::: Information given :::

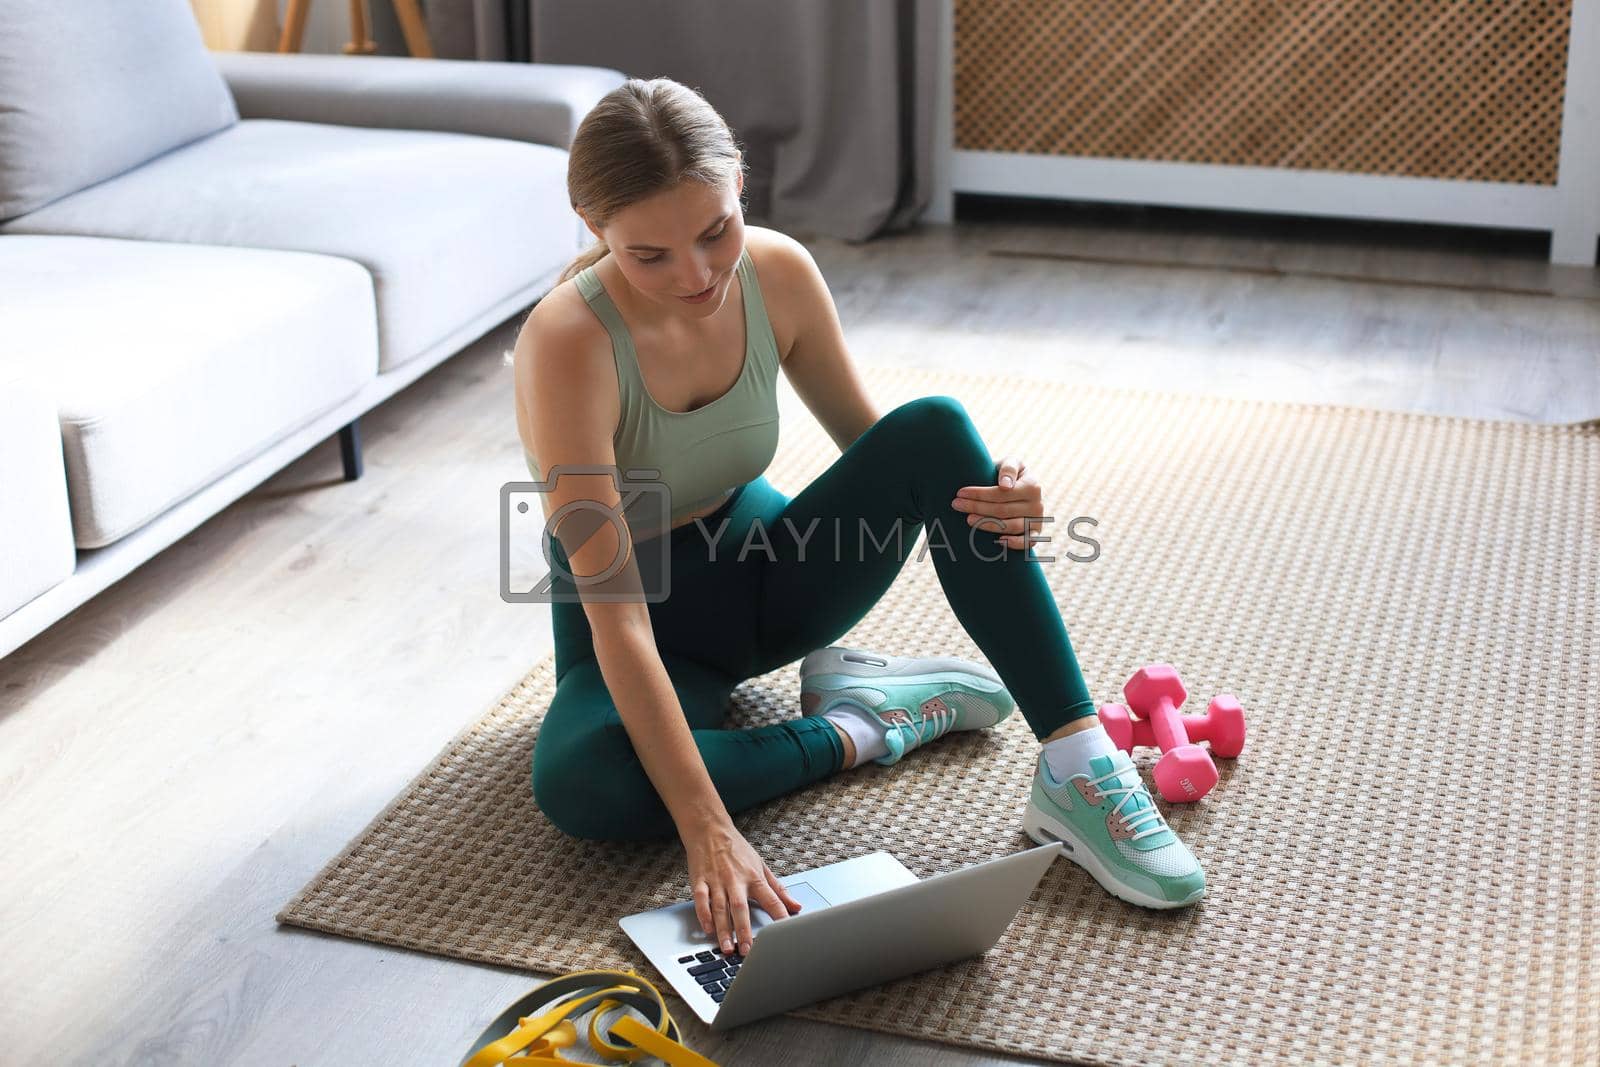 Royalty free image of Beautiful slim sporty woman in sportswear is sitting on the floor with dumbbells and is using a laptop at home in the living room. Healthy lifestyle. Stay at home activities. by tsyhun
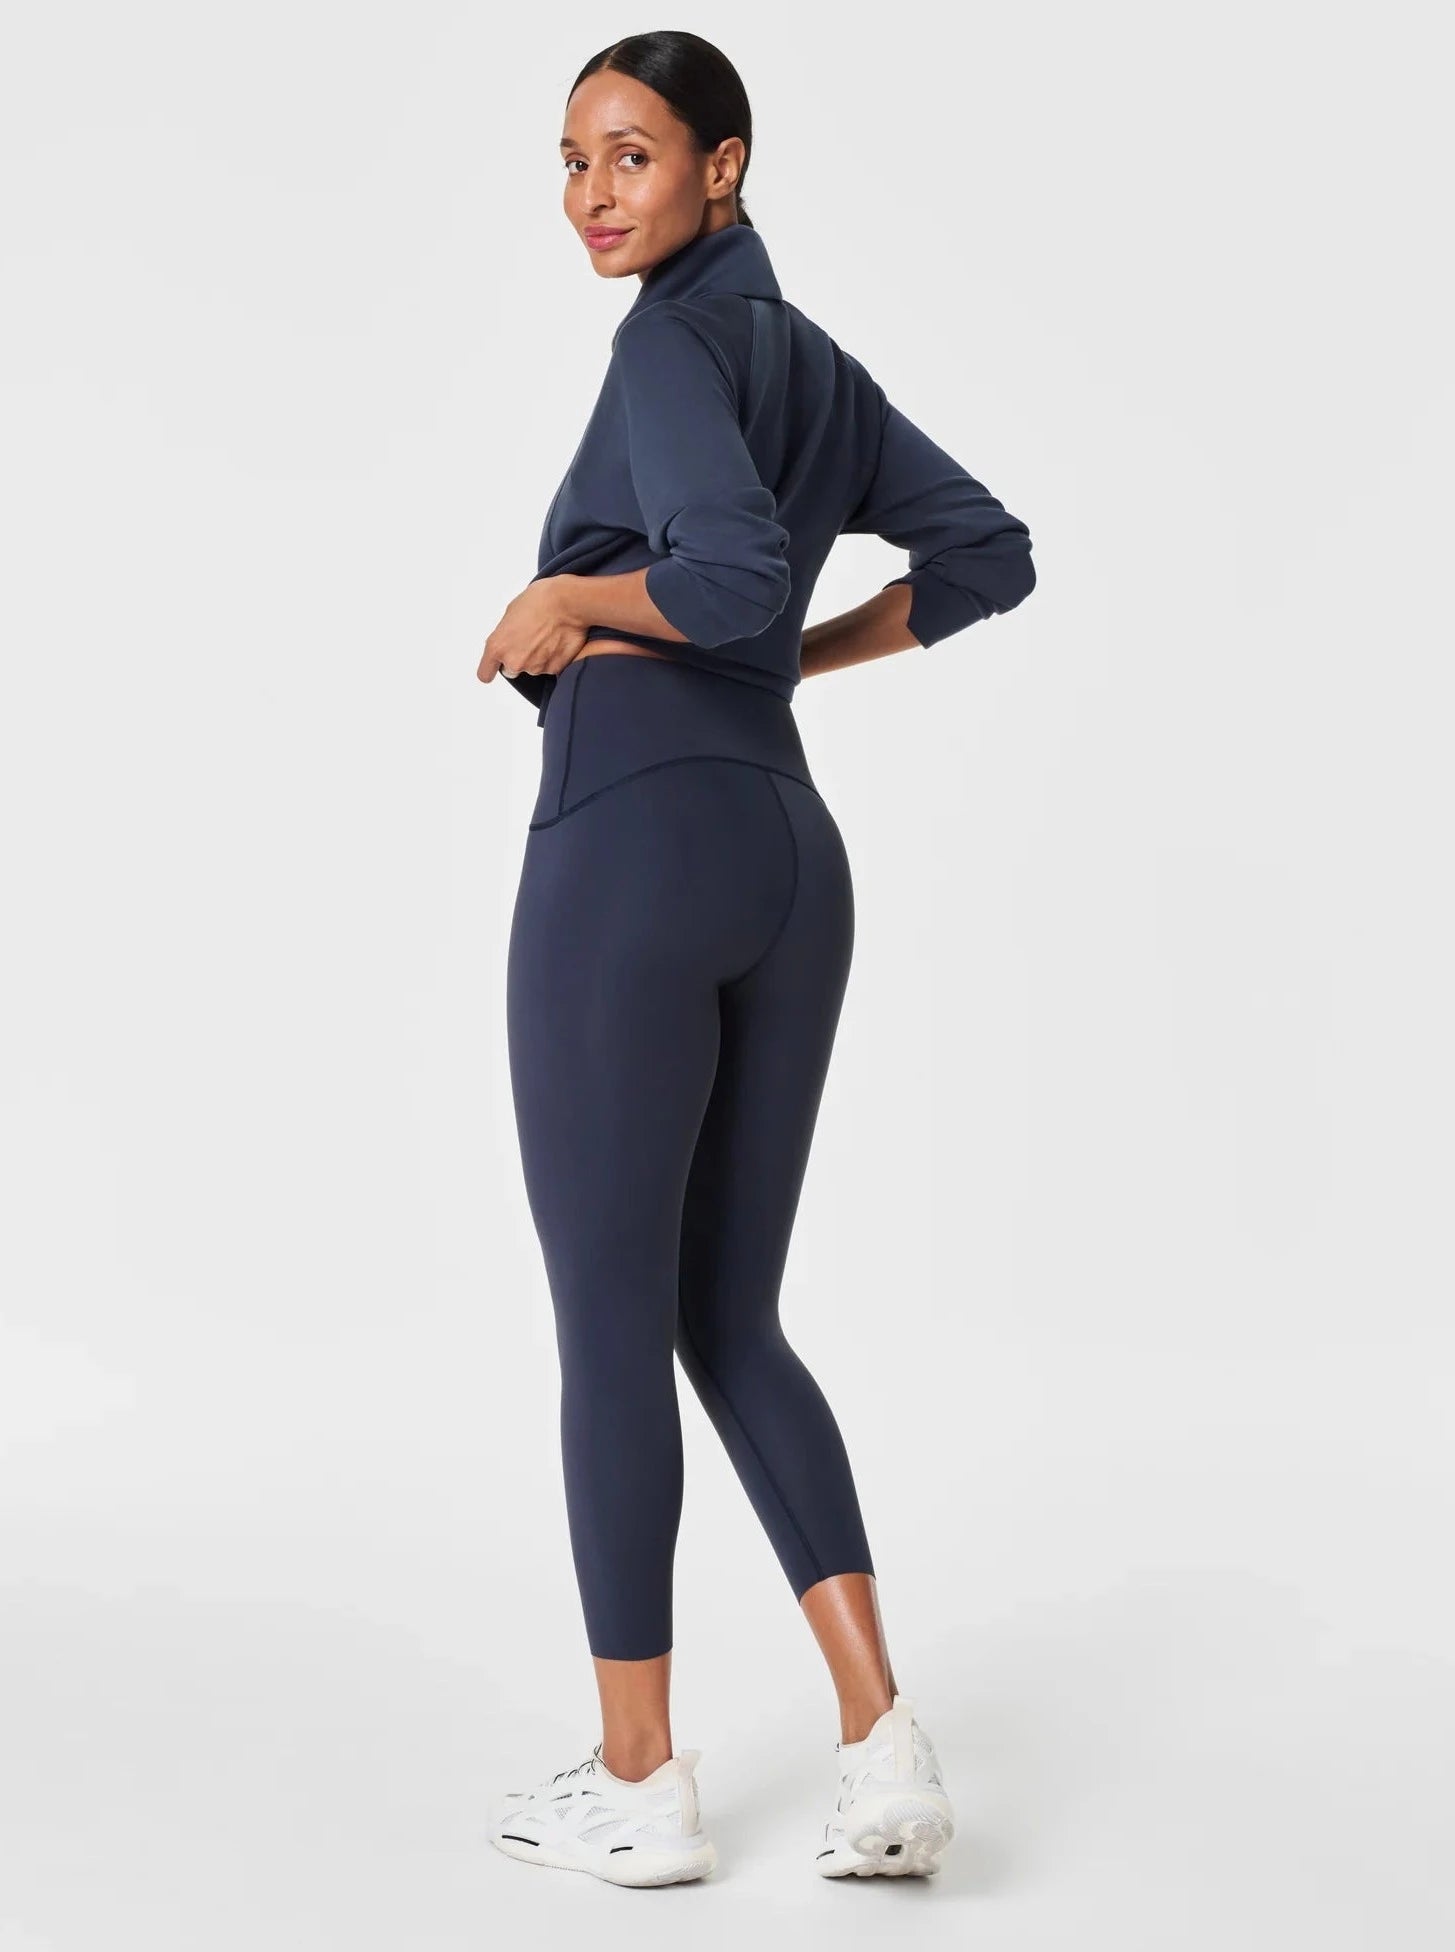 Review: Spanx Booty Boost Active 7/8 Leggings
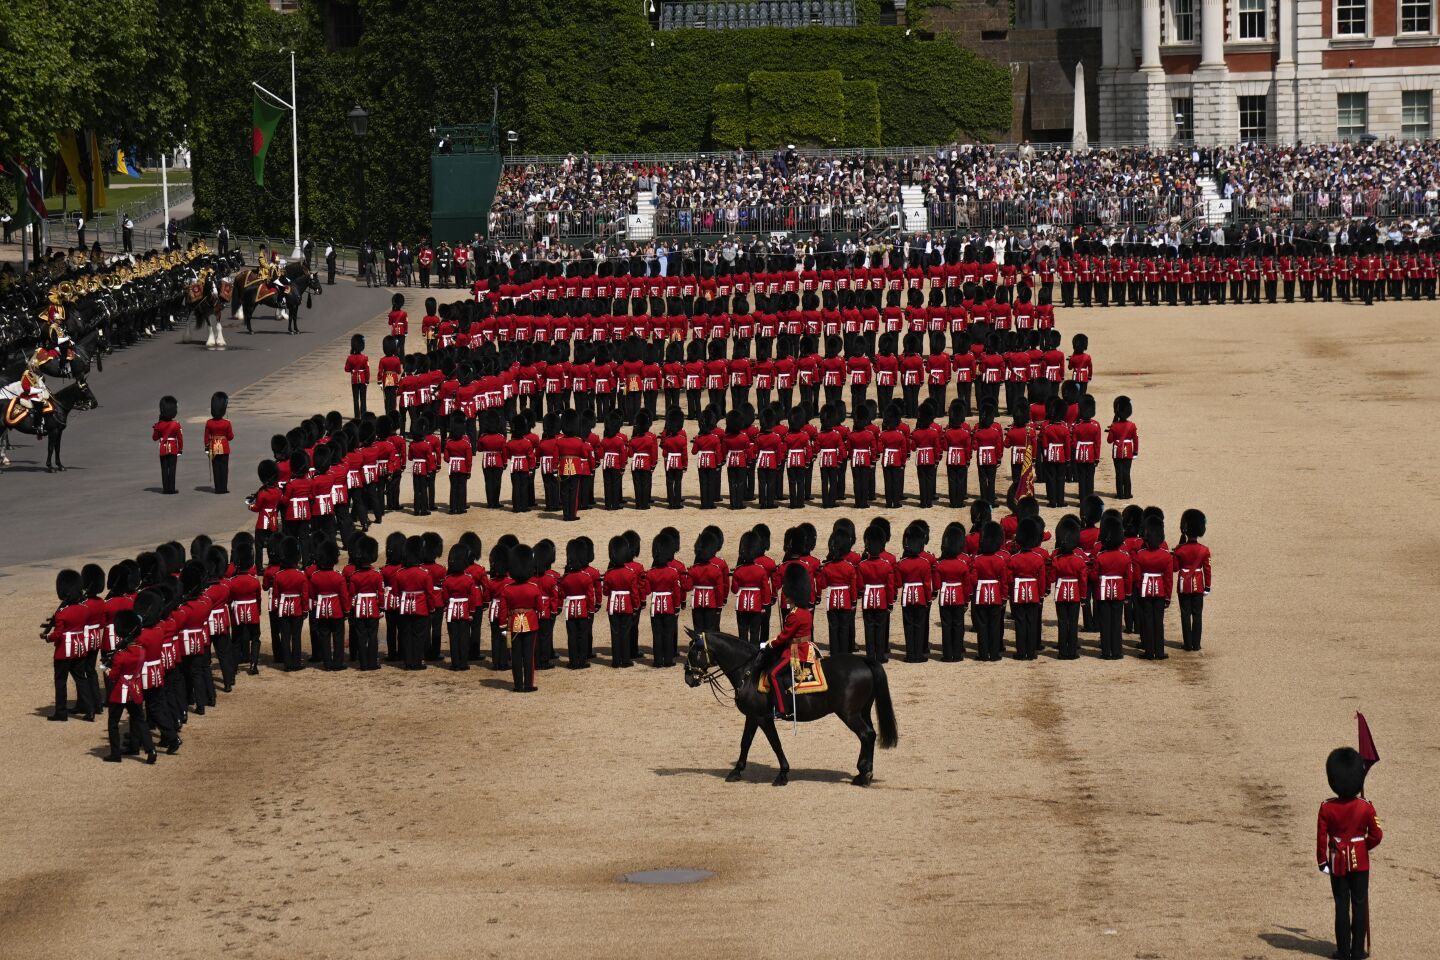 The queen's guards march during the Trooping the Color parade.
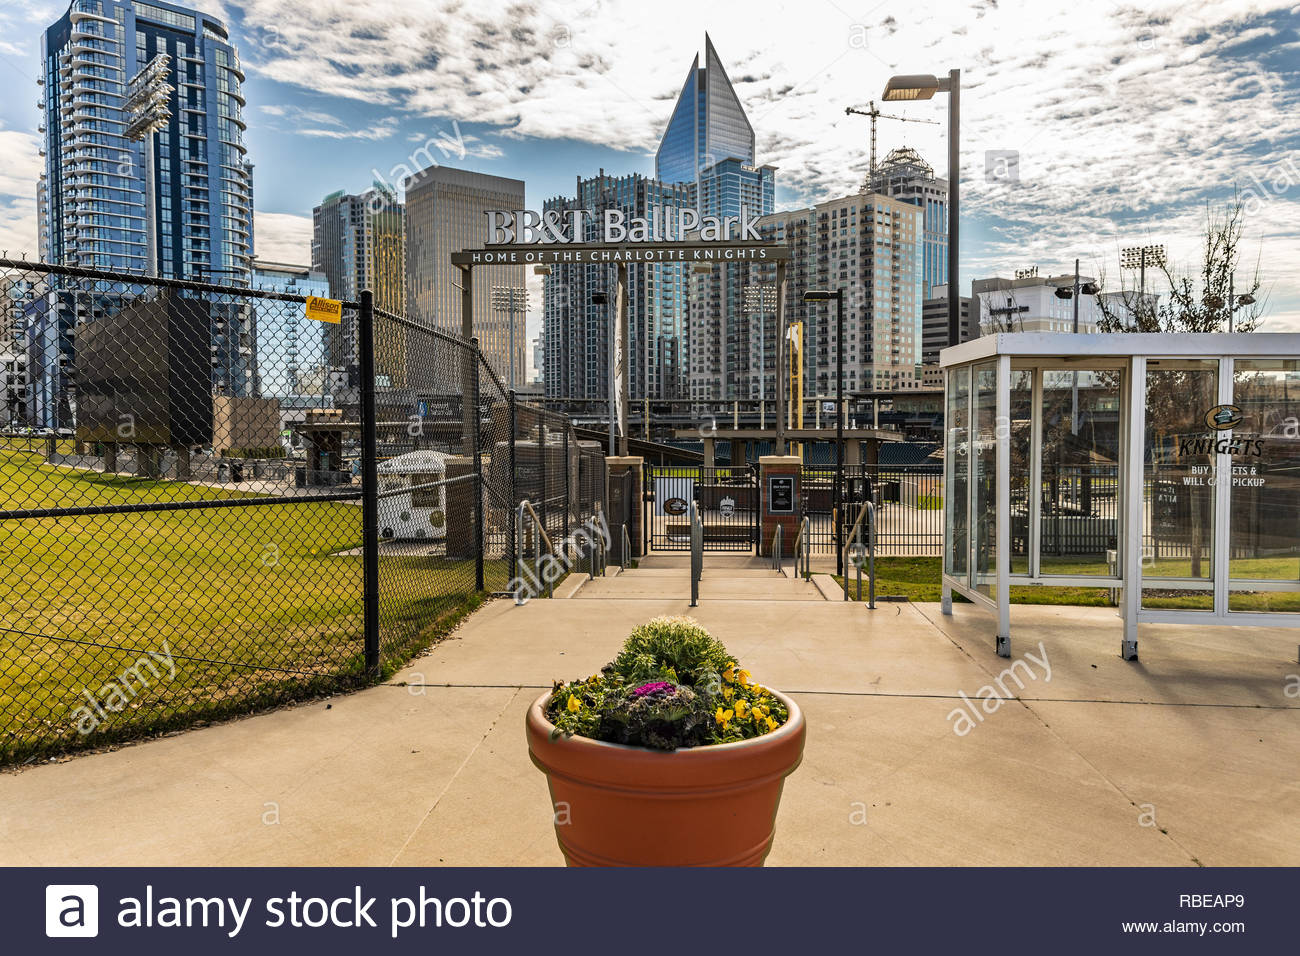 Charlotte Nc Usa The Bb T Ballpark In Uptown
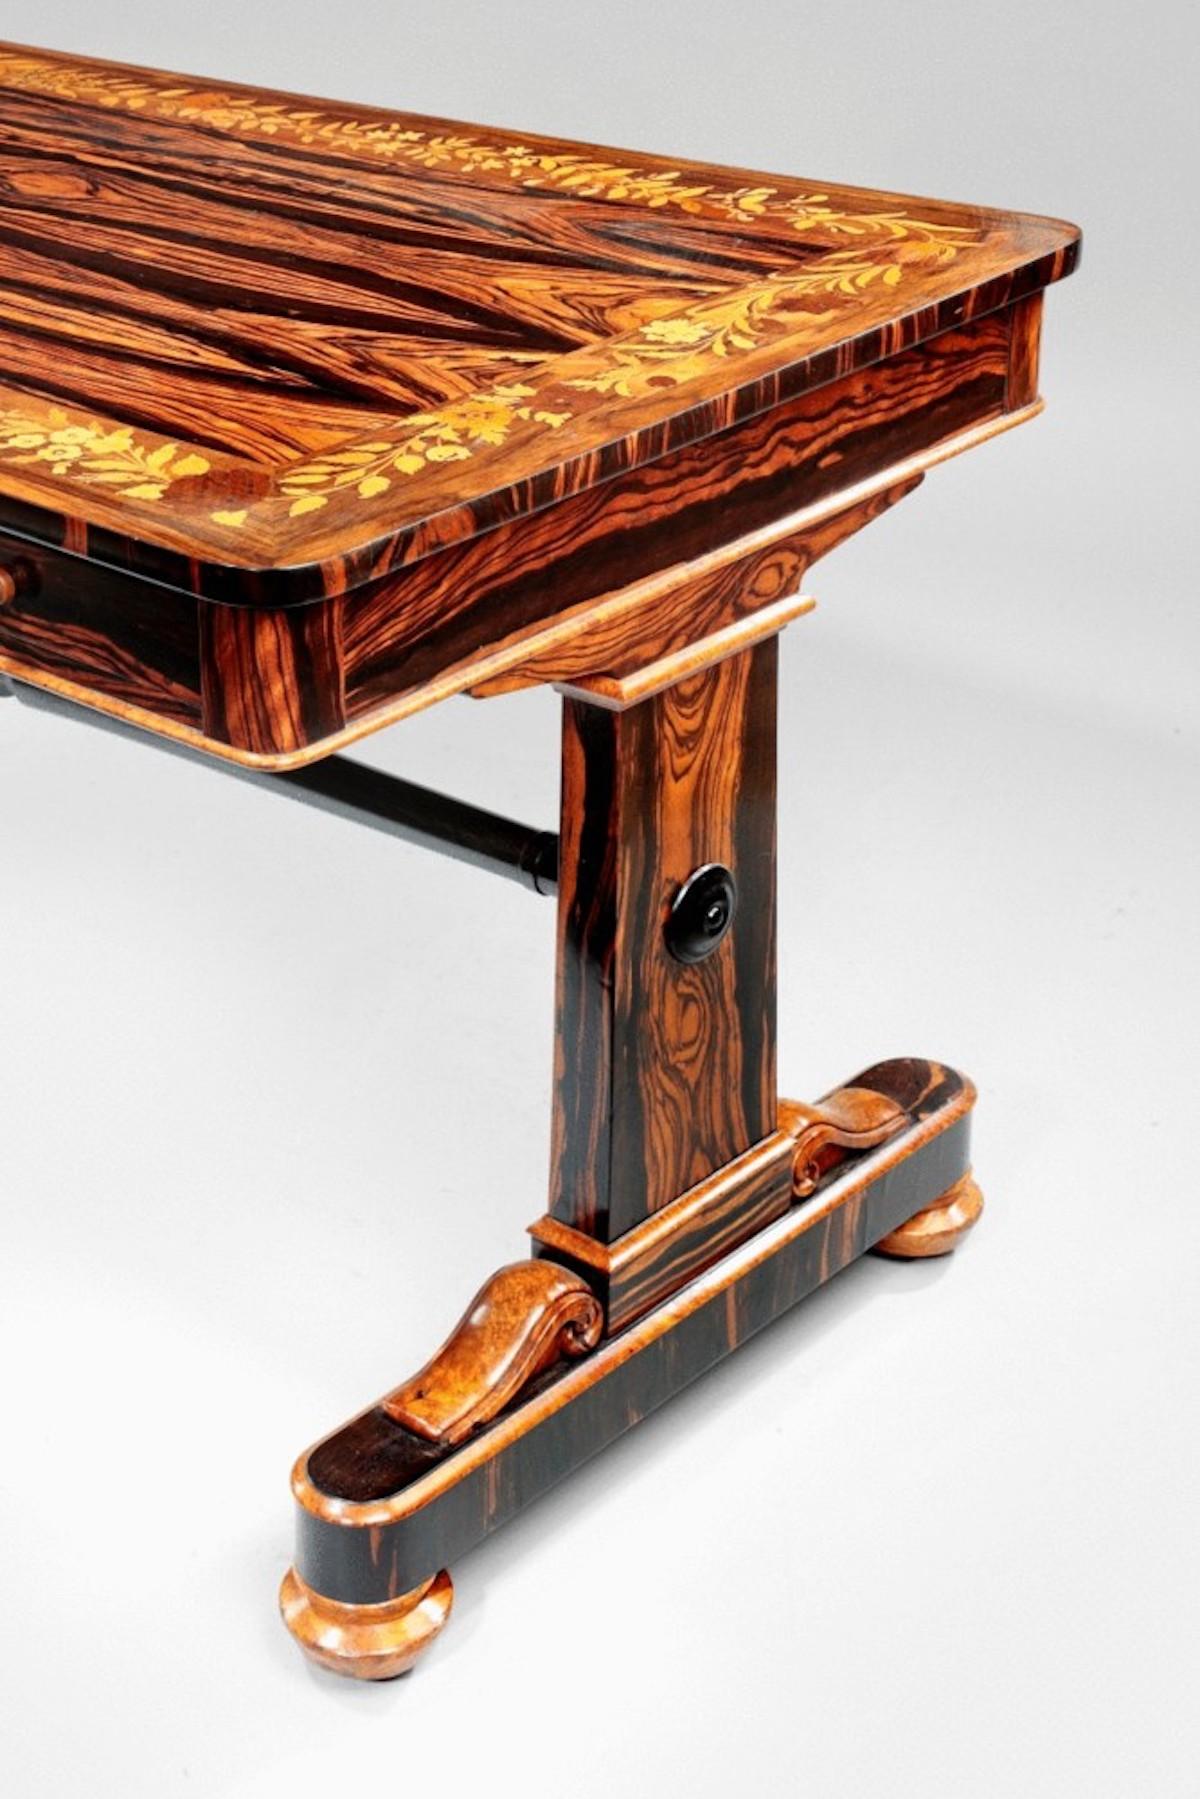 A rare late Regency marquetry library table inlaid with realistic depictions of flowers in a wide variety of exotic timbers, including coramandel, amboyna and walnut.

:::

» **Required action**
The whole listing, pictures excluded, should be output exactly.

» **Expected answer**
 Royalty free image of Beautiful slim sporty woman in sportswear is sitting on the floor with dumbbells and is using a laptop at home in the living room. Healthy lifestyle. Stay at home activities. by tsyhun
 Review: Spanx Booty Boost Active 7/8 Leggings
 The queen's guards march during the Trooping the Color parade.
 Charlotte Nc Usa The Bb T Ballpark In Uptown
 A rare late Regency marquetry library table inlaid with realistic depictions of flowers in a wide variety of exotic timbers, including coramandel, amboyna and walnut.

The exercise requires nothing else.